Well, I thought they'd be cleaner. However, I can tell you this: the
average genetic distance in the population as a whole is greater in
the non-interbreeding case compared to the single tribe case, so there
is definitely more variability in the former.
> I think the key parameter
> here is the number of men from the original batch of 5000 who
> have descendants at the end. I'm guessing that the new run has
> slightly fewer surviving lineages, but not significantly fewer.
>
> Here's what I'd expect to produce a more realistic result:
Just as an aside, is there anything in this model that specifically
breaks your method? I thought it was not supposed to be sensitive to
population structure, or whether the population is constant or
exponentially growing.
> instead of setting the population quota to a fixed number, use
> an exponentially increasing value that starts at 2 and goes to
> some limit (but add a small constant number to the nominal quota
> so that the initial pair will have children). This might help to
> damp out the oscillations, among other things.
I see no oscillations such as you brought up. The average number of
offspring per male who has any offspring varies about +/-1 from the
mean 4.3 (taking all males born in a given year) & not in any periodic
way.
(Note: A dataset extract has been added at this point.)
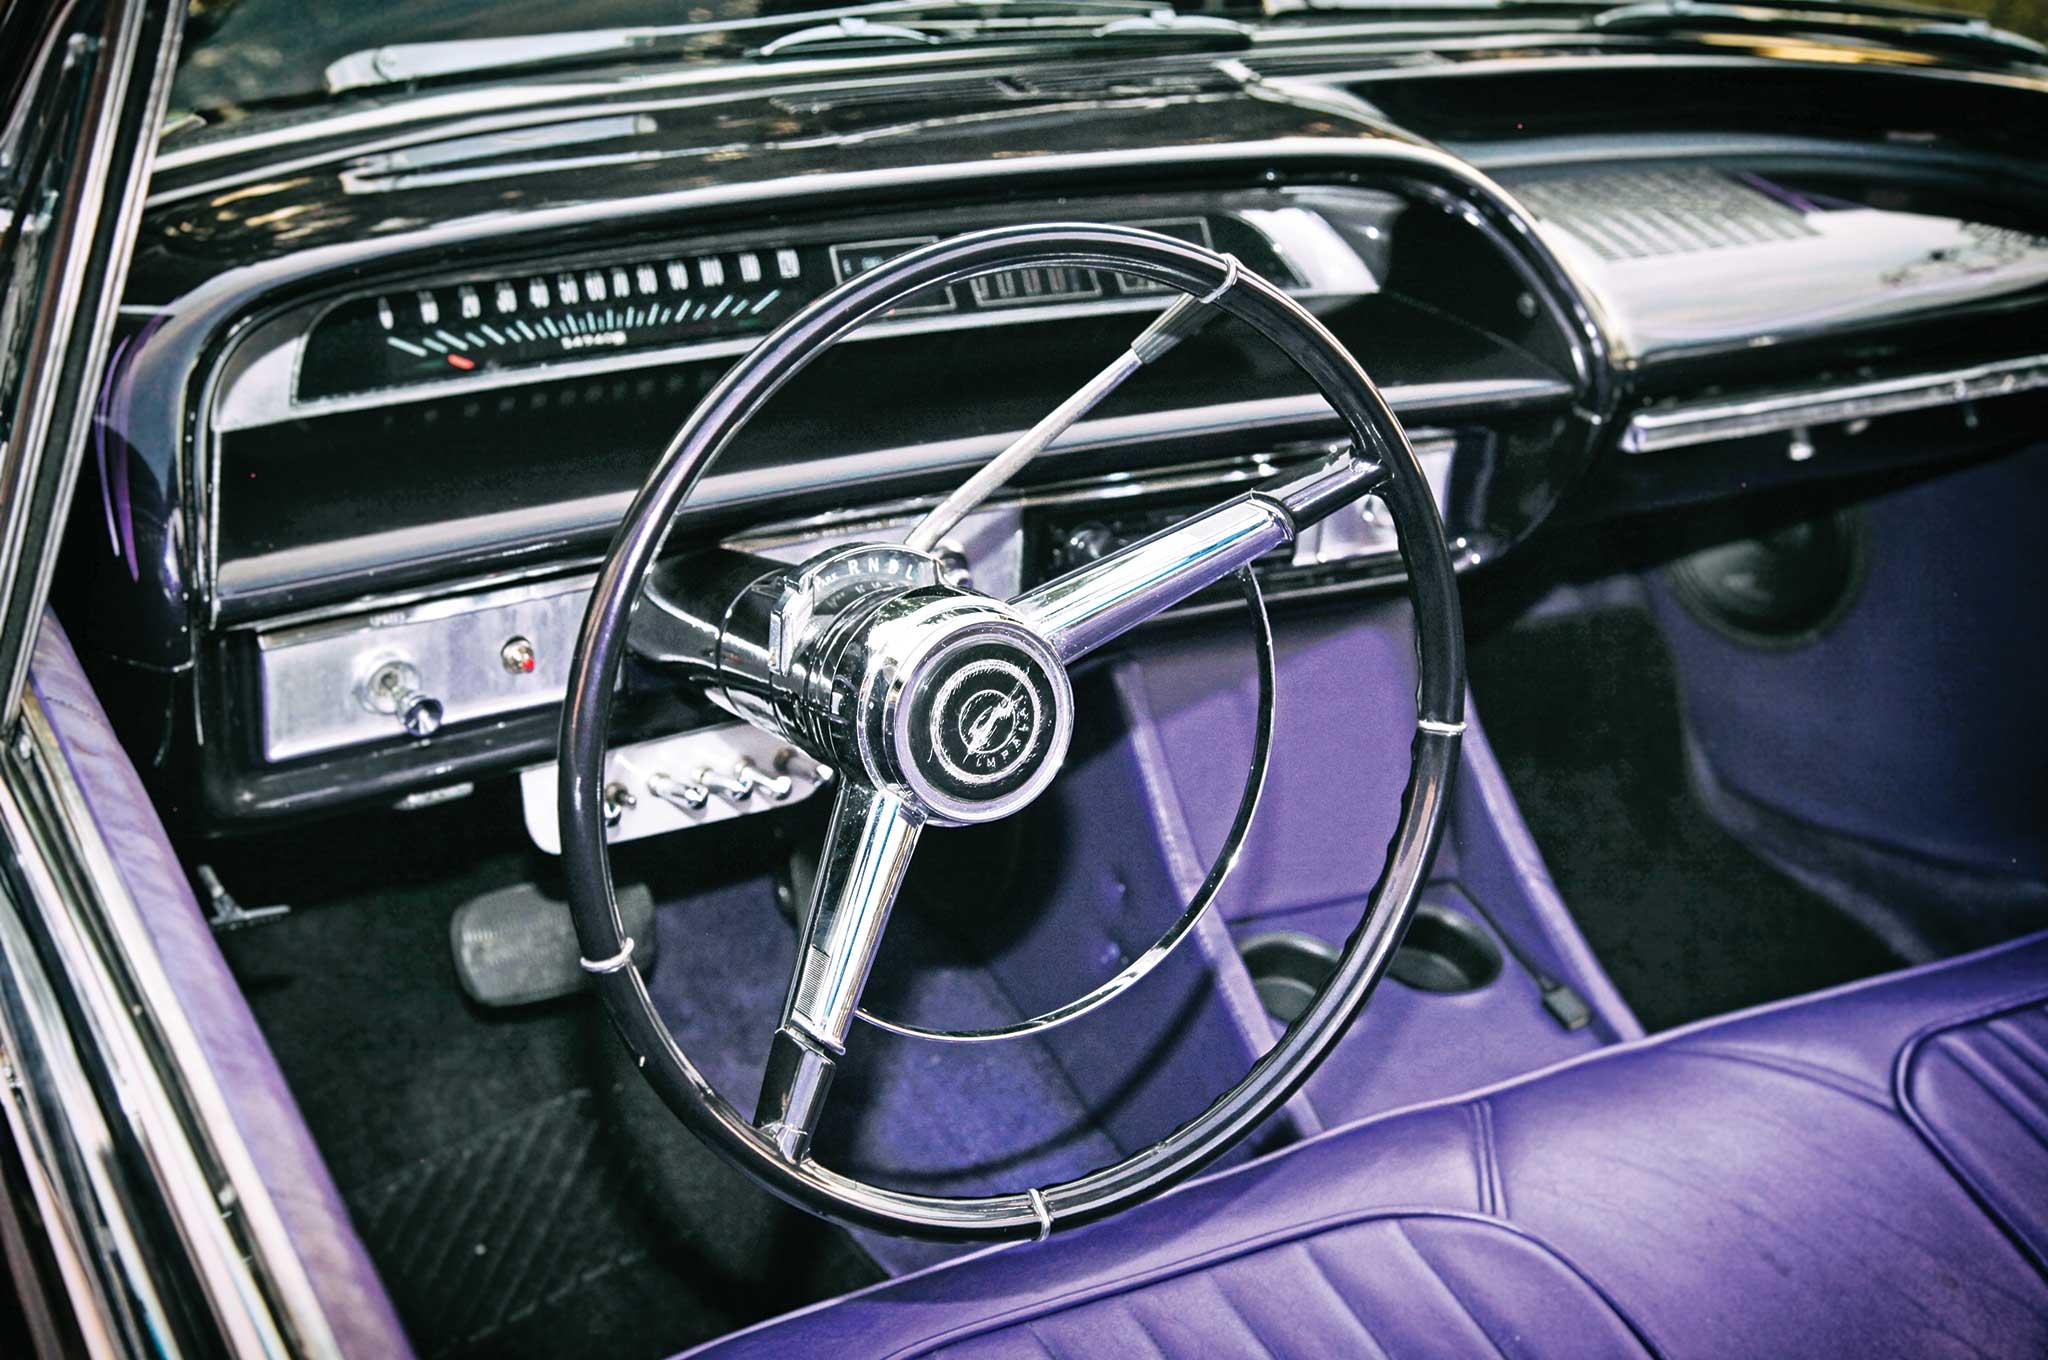 1964 Chevrolet Impala Mechanical Influence Lowrider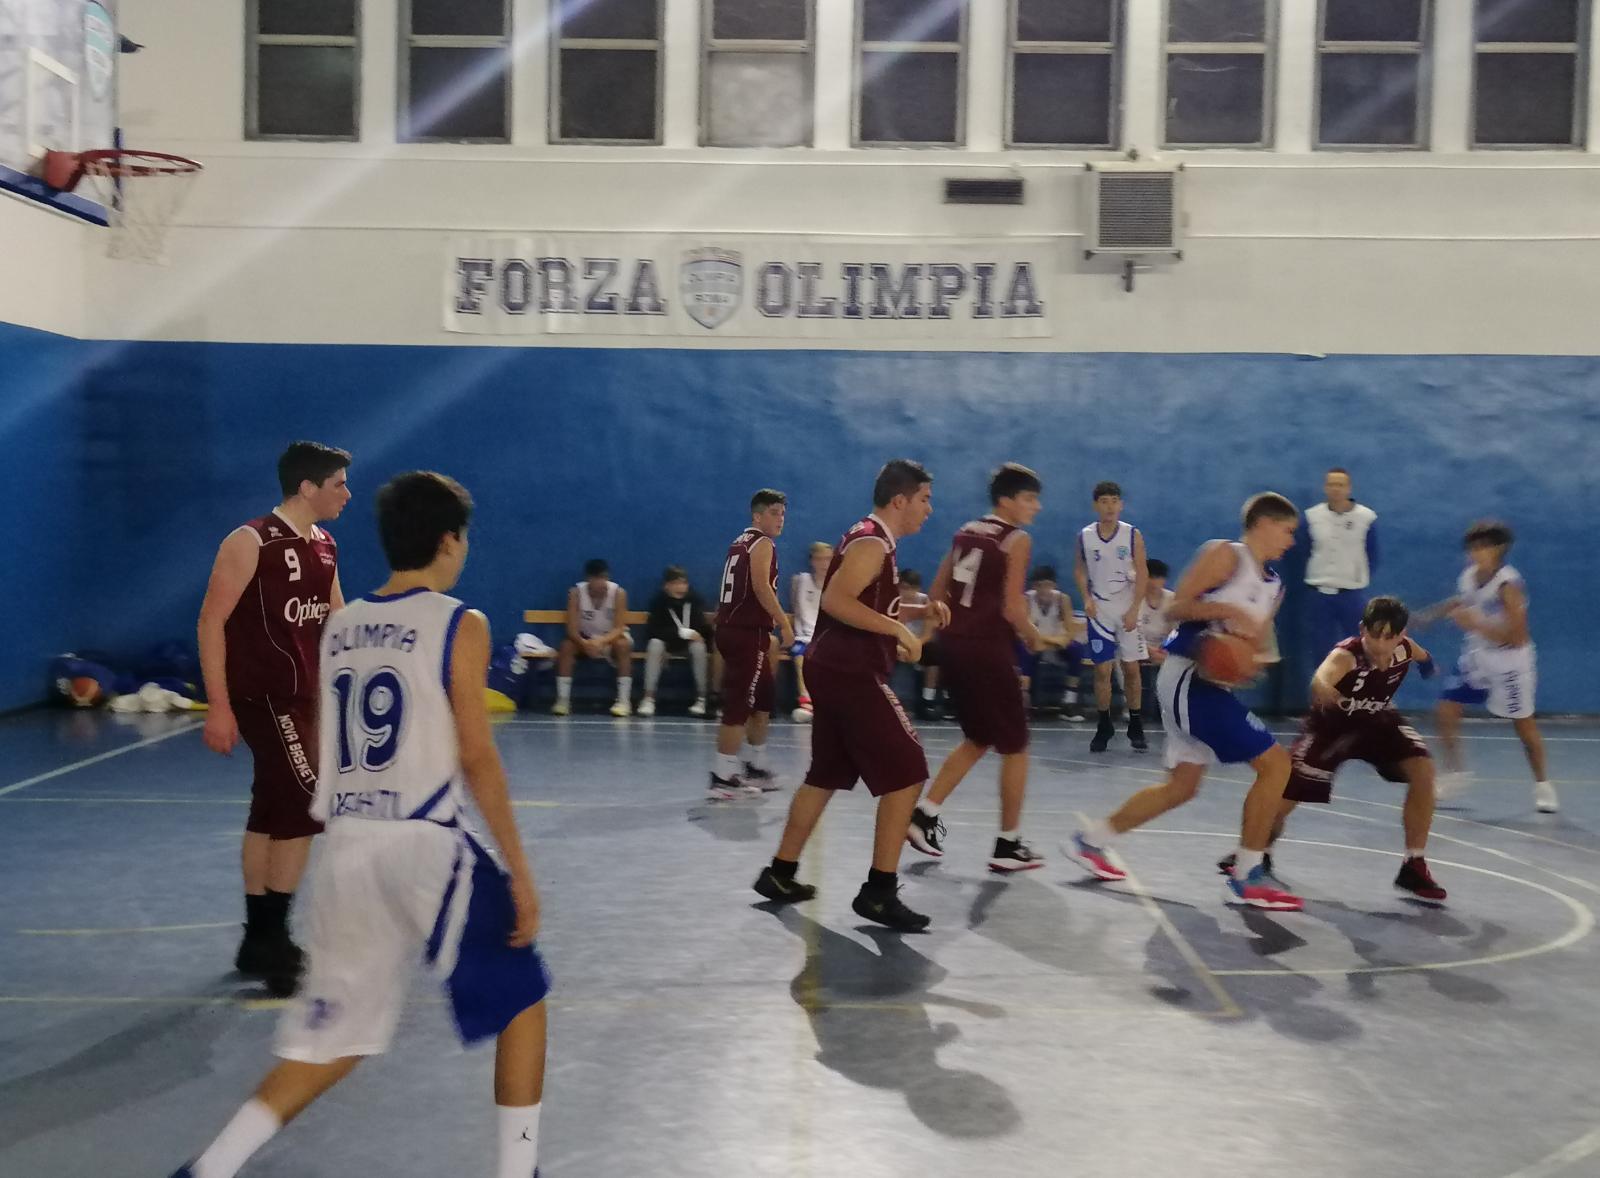 U16S Olimpia Roma - Nova Bk Ciampino 75-48 20

Looks like statistical noise, since in a population of 10,000,
only about 125 males are born, and only about half of them have
progeny during their lives.
I'll think about what I need to do to the program to do what you
suggest re an expanding population. One issue is that I'm limited by
memory concerns to about 2,500,000 people total in the simulation, so
an exponentially increasing population will hit that limit pretty
quick.
BTW, re decescendants of the original population, as far as haplotypes
go anyway, the founding haplotype at least is still the MRCA at the
end of the run. Ten thousand years isn't long enough for a new "Adam"
to rise in this model. In another test, I ran a small population of
1,000 for 50,000 years and a new Adam came up in about year 25,000.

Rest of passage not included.